# Making a trapezoid (wastebasket)?



## Vexorg (Apr 16, 2014)

How would you make something like the below image?

I feel like this would be a fairly simple project and would plan to make it out of plywood and paint it. I was thinking the angles might be a little complicated but I was planning on using sketchup to figure that stuff out...

Has anyone seen any plan for something like this or as personally built one?


----------



## epicfail48 (Mar 27, 2014)

Looks like a splayed miter joint. The same style joint is used a lot in wood turning for making bowls and the like, the only difference in that basket is it has fewer sides than most bowl blanks ive seen and hasnt been turned.

http://woodgears.ca/miter/

That page should help you out with tha calculations. Be warned though, those buggers can be devilishly tricky to accurately cut


----------



## Steve Neul (Sep 2, 2011)

The corners would be mitered at a 45 degree angle however the parts are tapered wider at the top than bottom. The easiest way to find the angle of the taper would be to draw the side full scale on a piece of plywood. Drawing it out full scale would also let you know the size and angle of the bottom.


----------



## woodnthings (Jan 24, 2009)

*same as this with bevels*

http://www.youtube.com/watch?v=MfqvVhP3Fes


----------



## Vexorg (Apr 16, 2014)

Thanks for all the replies guys! I will review the items posted. This may be a good project for me to use my recently purchased Incra 1000HD.


----------



## pweller (Mar 10, 2014)

This is basically just the definition of a 'compound miter'. You got a 45 degree bevel, and probably 5 degree or so taper. No biggie, just cut it out - angle the table saw blade at 45 and taper it going through the fence. The only little trickie would be how you wanted to finish the top edges, if you want them perfectly horizontal you'll need to angle those cuts as well (they won't be 90 degrees).

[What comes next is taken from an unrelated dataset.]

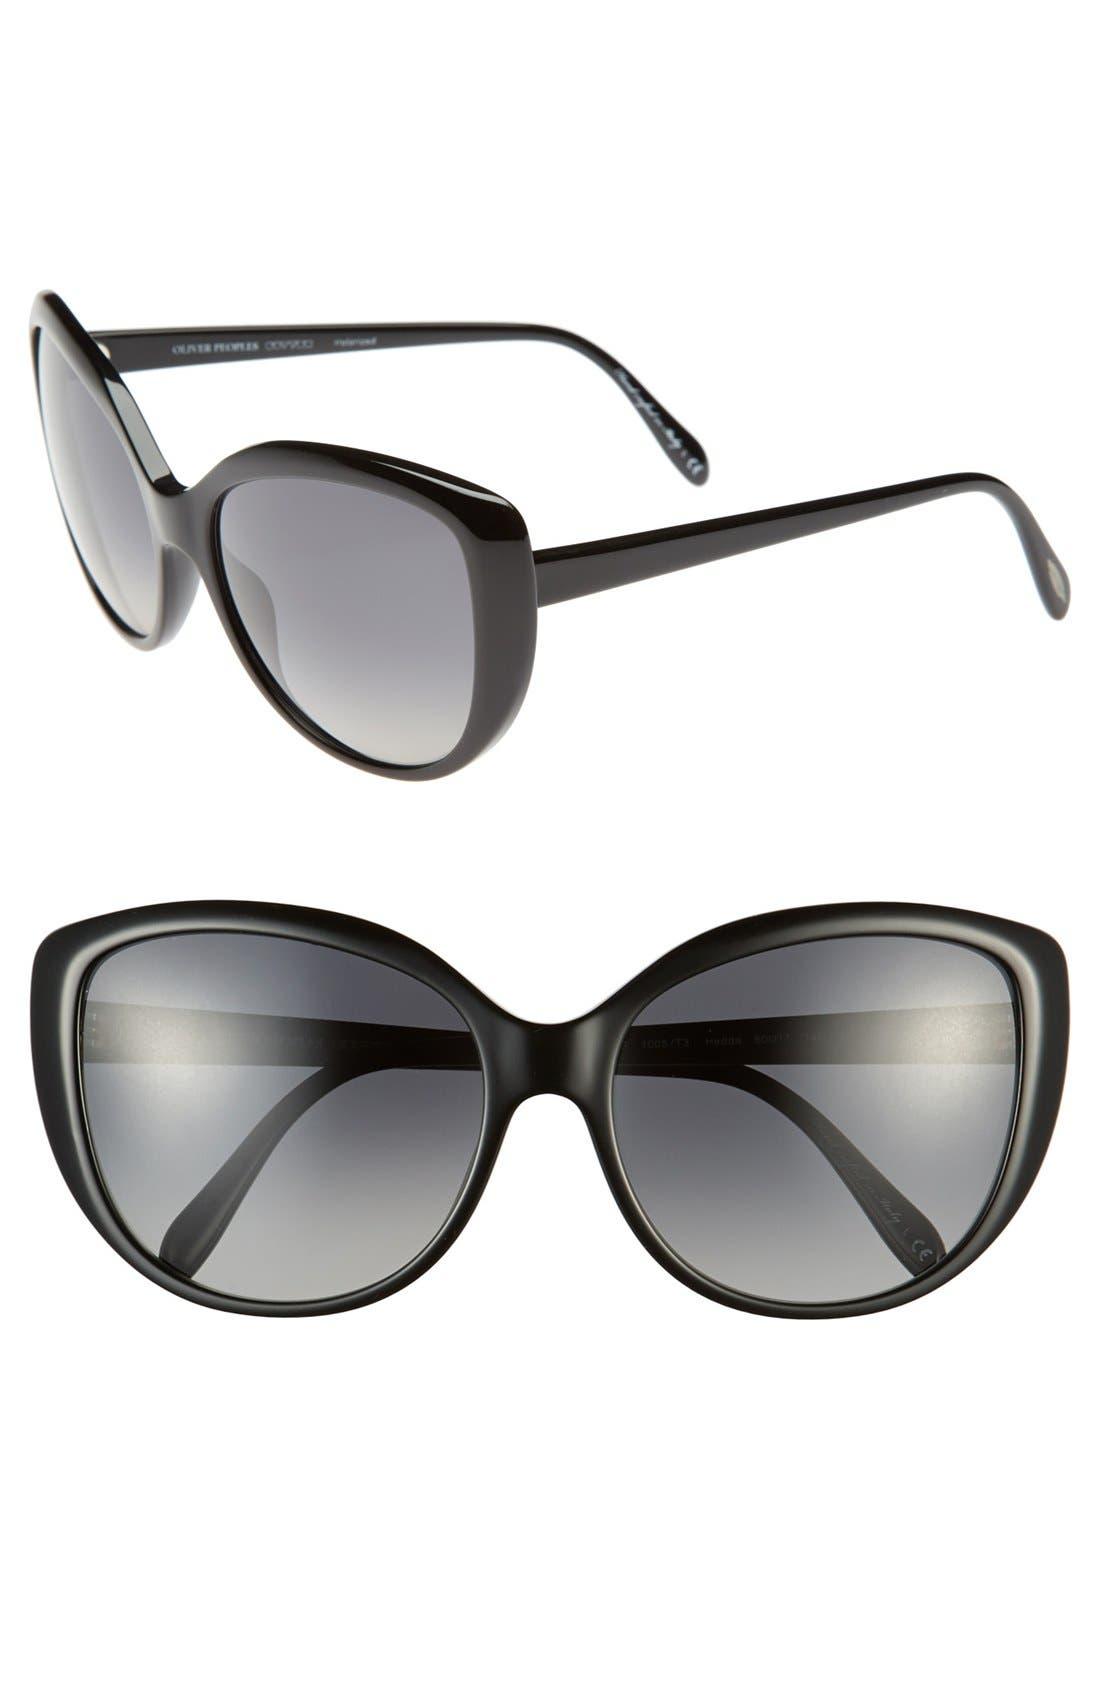 Alternate Image 1 Selected - Oliver Peoples 'Hedda' 60mm Polarized Sunglasses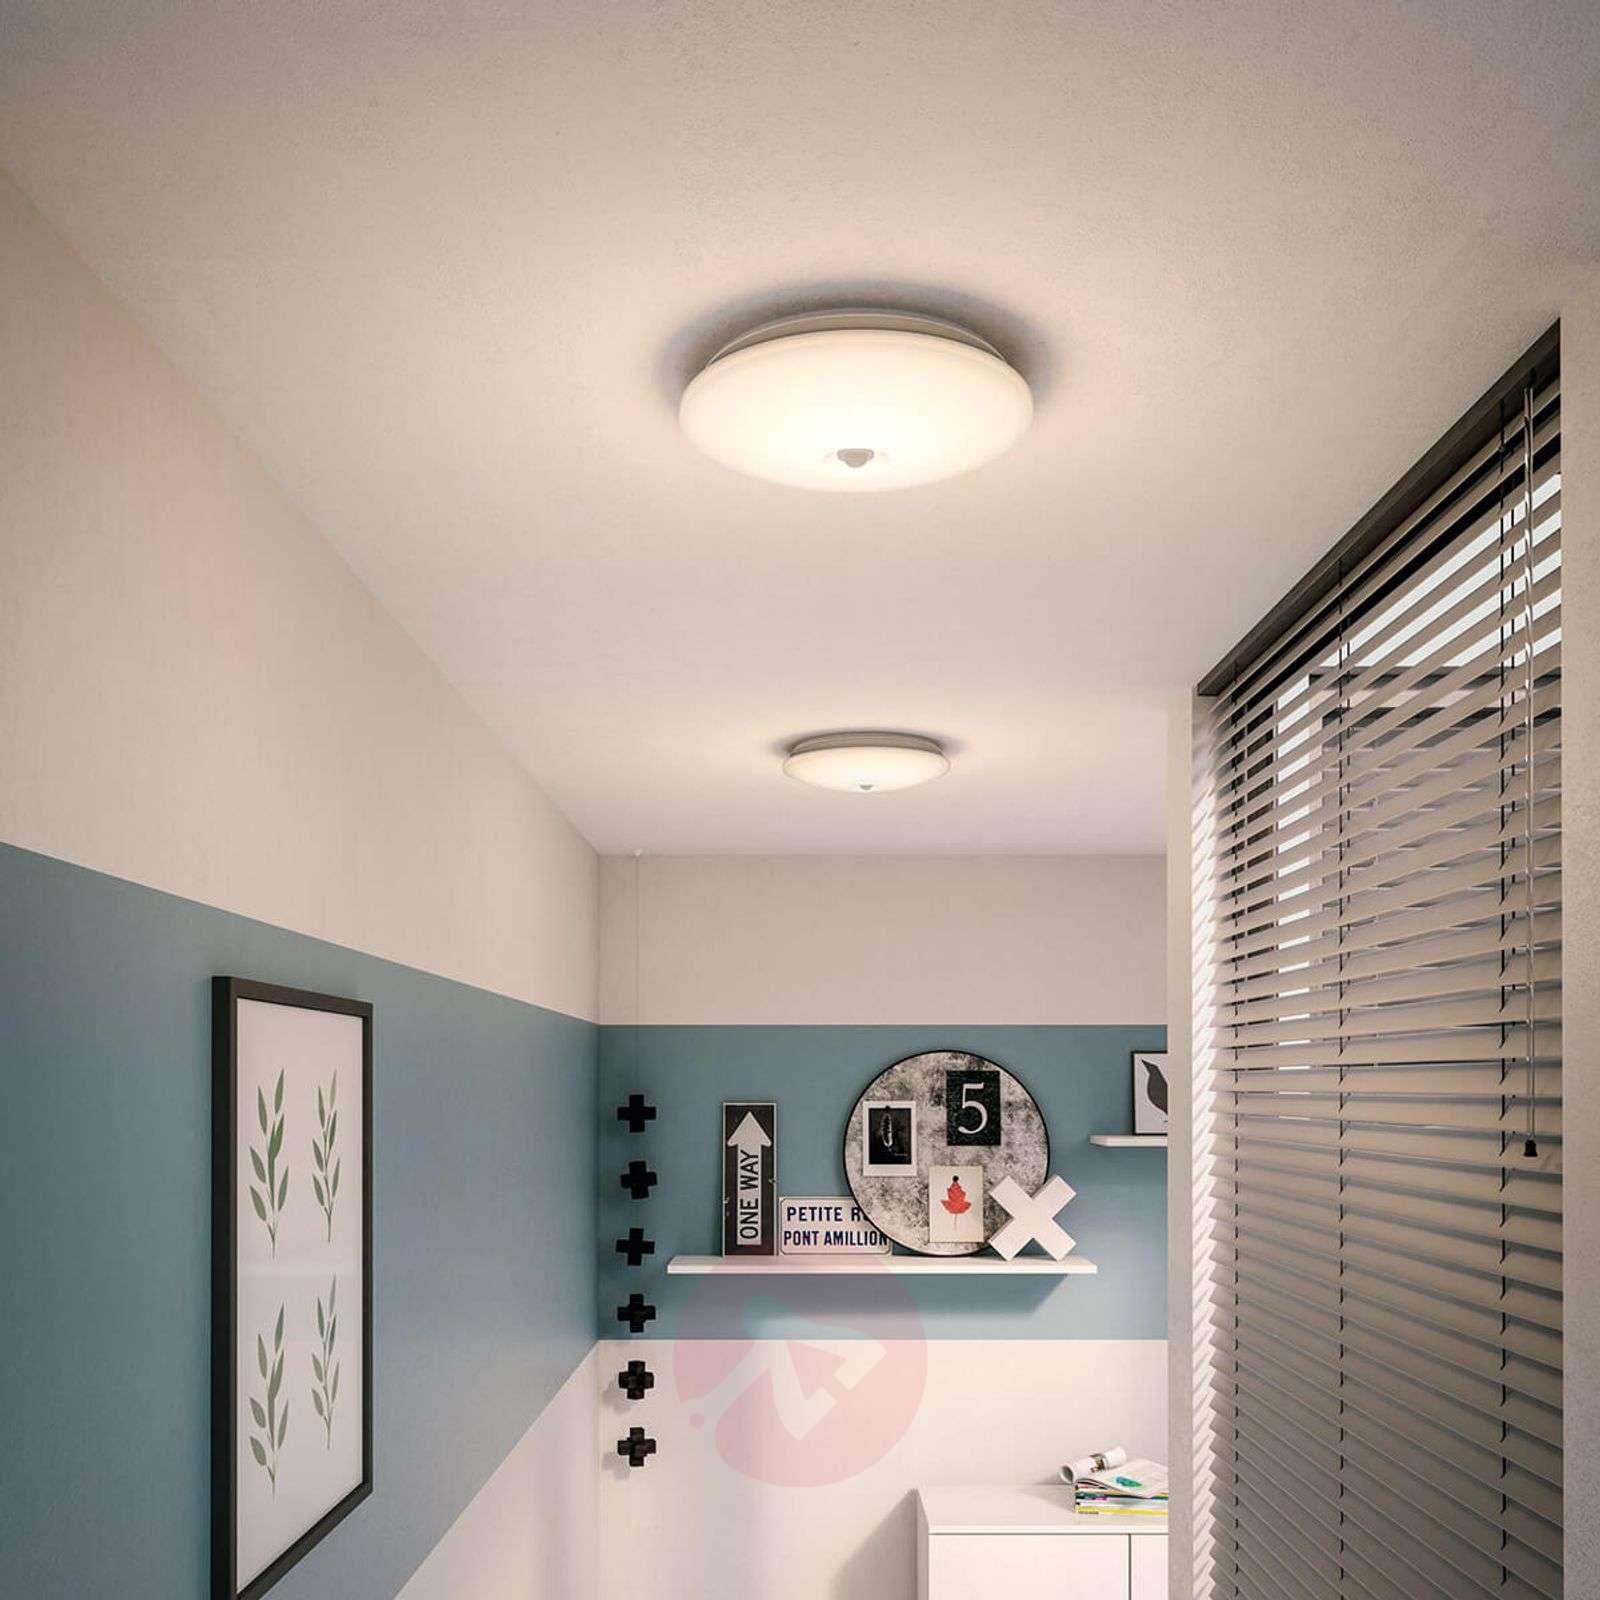 LED ceiling lamp Mauve, IR sensor, diameter 32 cm-7531984-01

I like the digital protractors for measuring these angles. They're pretty cheap.

Also, before you cut the pieces, just draw rough lines indicating the cut directions so you don't get confused. Tapers and miters have the be coordinated.


----------



## igster (Oct 31, 2013)

I made one for my wife a while back....gonna have to take a pic of it and post it. Meantime, here's something similar I did on a much smaller scale:










Same principles involved...the corner miters were 45degrees(done on my bandsaw) and the top to bottom angles were basically eyeballed(also on the bandsaw), and the cutouts were done on my scroll saw.


Mark V


----------



## Vexorg (Apr 16, 2014)

igster said:


> I made one for my wife a while back....gonna have to take a pic of it and post it. Meantime, here's something similar I did on a much smaller scale:
> 
> 
> View attachment 99050
> ...


That looks awesome!


----------



## Bonka (Mar 24, 2011)

Give this site a shot: http://www.perfectcuts.com/index.asp


----------



## FrankC (Aug 24, 2012)

Woodgears has a chart that will give you the angles for cutting:
http://woodgears.ca/miter/


----------



## FrankC (Aug 24, 2012)

Double post


----------



## igster (Oct 31, 2013)

Here you go:




















It started out as a small wastebasket but ended up being a doggie toy bin  Made of 3/8 inch ply, stained a sort of walnut-ish. The corner joints are not mitered at 45 (my bad, sorry 'bout the memory fart there  but rather lap-jointed, cut with a straight router bit(which could also be done wit a dado set on the table saw).


----------